Some of the lines below need repeating. Reproduce exactly those between the lines holding "En redes sociales" and "Bağımsız Medya ve", inclusive.

-------- AVAILABLE DATA --------

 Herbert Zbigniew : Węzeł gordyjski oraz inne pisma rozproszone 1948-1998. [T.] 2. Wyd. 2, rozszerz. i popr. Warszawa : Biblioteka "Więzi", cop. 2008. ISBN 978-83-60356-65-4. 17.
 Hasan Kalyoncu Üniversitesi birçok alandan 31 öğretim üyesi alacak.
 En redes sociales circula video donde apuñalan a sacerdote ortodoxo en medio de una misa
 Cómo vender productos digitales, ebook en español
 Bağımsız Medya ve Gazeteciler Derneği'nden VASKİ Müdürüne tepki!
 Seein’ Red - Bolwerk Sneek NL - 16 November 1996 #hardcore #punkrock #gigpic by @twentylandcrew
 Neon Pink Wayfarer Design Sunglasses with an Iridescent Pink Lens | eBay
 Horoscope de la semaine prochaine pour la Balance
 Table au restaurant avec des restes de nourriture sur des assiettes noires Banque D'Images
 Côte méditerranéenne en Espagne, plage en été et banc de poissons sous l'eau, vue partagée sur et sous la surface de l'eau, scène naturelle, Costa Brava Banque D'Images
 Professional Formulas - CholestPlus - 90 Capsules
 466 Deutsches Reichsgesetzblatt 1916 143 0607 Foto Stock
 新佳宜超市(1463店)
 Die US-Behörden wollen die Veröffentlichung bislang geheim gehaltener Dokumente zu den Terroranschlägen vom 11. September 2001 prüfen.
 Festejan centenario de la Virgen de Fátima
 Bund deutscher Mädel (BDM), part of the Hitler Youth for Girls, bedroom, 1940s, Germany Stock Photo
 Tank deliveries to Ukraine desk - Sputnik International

--------

FINAL ANSWER:
 En redes sociales circula video donde apuñalan a sacerdote ortodoxo en medio de una misa
 Cómo vender productos digitales, ebook en español
 Bağımsız Medya ve Gazeteciler Derneği'nden VASKİ Müdürüne tepki!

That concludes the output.